Рано или поздно они это все равно поймут – но сейчас у меня есть хотя бы немного времени… Раз человек, с которым говорил лысый тип со зловещей кличкой Могила, сразу не поднял его на смех и не послал подальше, значит, он еще не знает, где в данный момент находится его жена. Пока он это выясняет, я буду жива…

Короче, если до сих пор я пыталась убедить их, что я – не тот человек, который им нужен, то теперь мне следует держать язык за зубами, чтобы они не догадались о своей ошибке…

– Могила, вот ее вещи! – Бровастый протянул хозяину темный мешок из-под мусора, в котором лежали пожитки, с таким трудом вынесенные мной из квартиры.

Могила удивленно поднял брови, заглянул в мешок, запустил в него руку:

– Она что – в химчистку, что ли, шла?

– В благотворительную организацию! – ответила я, сделав шаг вперед. – Я туда часто отдаю старые вещи для неимущих!..

– Фу ты ну ты! – насмешливо проскрипел Могила. – Прямо мать Тереза! Местечко в раю присматриваешь? Ладно, Курок, отведи ее в номер люкс, пусть передохнет с дороги! Да смотри, повежливее с ней, она – наш золотой запас!

Бровастый грубо схватил меня за локоть и повел в глубь гаража.

Открыв железную дверь, втолкнул меня в крошечную каморку, вся обстановка которой состояла из узкой железной койки и шаткого стула. В углу была железная раковина – та самая, в которую ритмично и безостановочно падали капли воды.

– Это что – и есть ваш «люкс»? – осведомилась я.

– А ты что хотела, – он усмехнулся, – трехкомнатные апартаменты с сауной и джакузи?

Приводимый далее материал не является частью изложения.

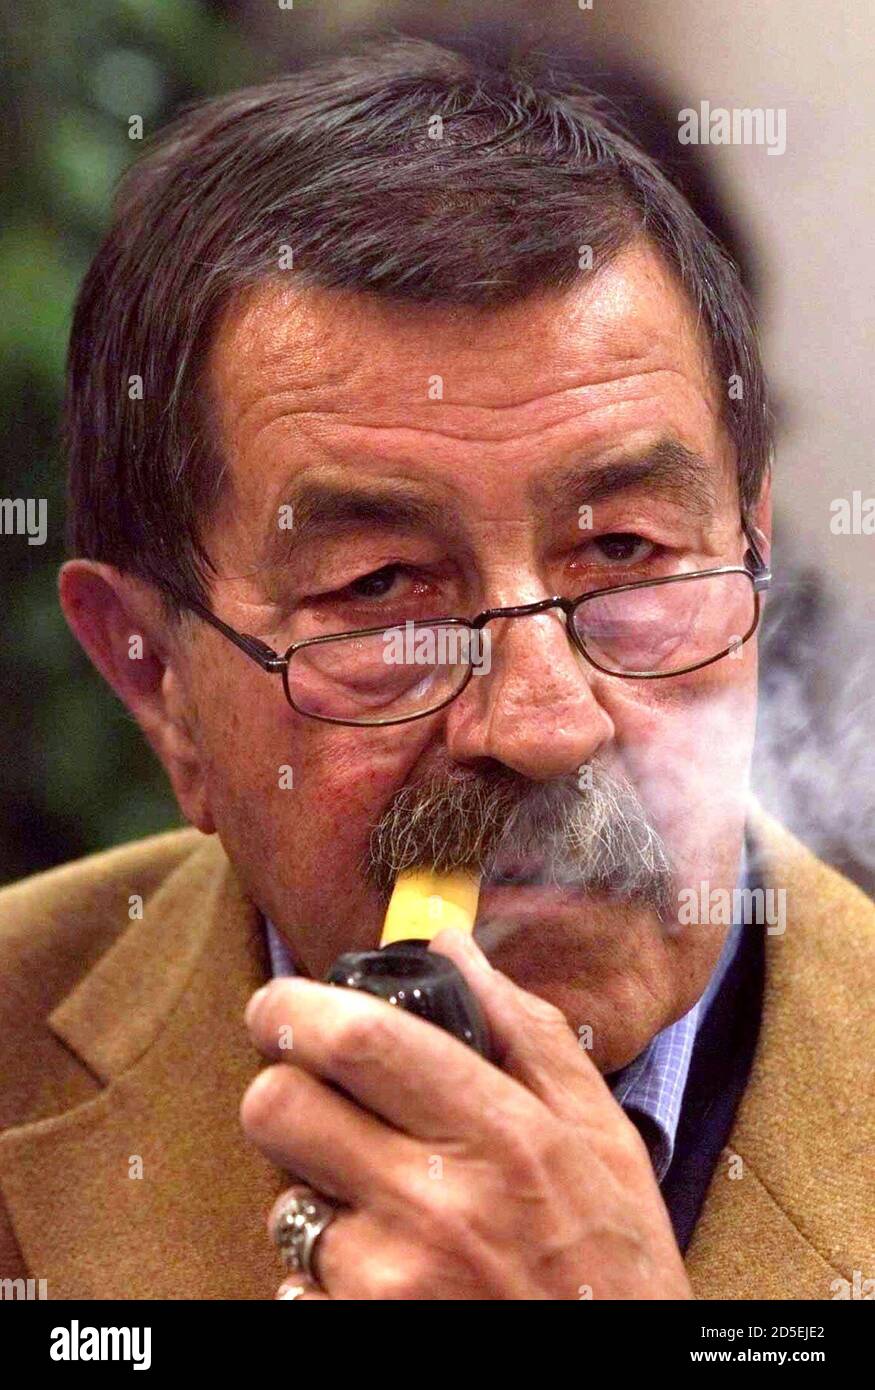 Famous German writer Guenter Grass smokes his pipe as he talks about his new book 'Vom Abenteuer der Aufklaerung', which translates as 'About the Adventure of Enlightenment', at Leipzig's book fair March 27. The book fair continues until March 28.  JE/JRE Stock Photo

– Ну, хоть кран прикрути – на нервы действует!

– Обойдешься! – Он вышел из каморки и запер за собой дверь.

Я взобралась с ногами на койку, обхватила колени, уперлась в них подбородком и задумалась.

Что меня ждет?

Человек, которому звонил Могила, не сказал ему об ошибке. Это значит, что он не знает, где сейчас находится Варвара, и поэтому поверил бандиту либо, наоборот, понял, что Могила похитил не того человека, но ничего ему не сказал, собираясь использовать его ошибку в своих целях.

Капли монотонно падали в раковину, действуя мне на нервы и мешая сосредоточиться.

В моем «люксе» было крошечное окошко под самым потолком, забранное ржавой решеткой. Еще под потолком висела голая электрическая лампочка ватт на сорок. Часы у меня отобрали, перед тем как сюда запереть, поэтому я не знала, сколько времени прошло.

Снаружи время от времени до меня доносились голоса, звуки подъезжающих машин.

Сколько я здесь уже просидела – час? Три часа? Может быть, гораздо больше?

Только падающие в раковину капли отсчитывали время. Может быть, они отсчитывали последние часы моей жизни.

До полуночи меня не тронут – я нужна им как предмет для торга. Главарь похитителей по кличке Могила назвал меня своим золотым запасом.

Но после полуночи, после встречи с тем человеком, кому он звонил, когда бандиты поймут свою ошибку, я уже не буду золотым запасом, моя жизнь не будет стоить и ломаного гроша.

От таких мыслей меня бросило в жар, во рту пересохло.

Я поднялась, отвернула кран и напилась воды.

Прежде я никогда не пила воду из-под крана – наслышана, сколько в ней всякой дряни, от вирусов и бактерий до пестицидов и солей тяжелых металлов. Но теперь мне вроде бы ни к чему беречь свое здоровье – до полуночи как-нибудь дотяну, а потом у меня появятся более серьезные проблемы…

Не знаю, как насчет солей тяжелых металлов, но на вкус эта вода была отвратительна – она отдавала ржавчиной, и болотной тиной, и еще чем-то неуловимым, тошнотворным. Однако жажду мою она утолила, и у меня даже немного прояснилось в голове.

Во всяком случае, я поняла, что нельзя впустую тратить оставшееся время, нужно искать хоть какой-то путь к спасению.

Я закрутила кран как могла, но он все равно пропускал воду – капли падали с тем же неумолимым ритмом, они отсчитывали оставшееся мне время, как метроном.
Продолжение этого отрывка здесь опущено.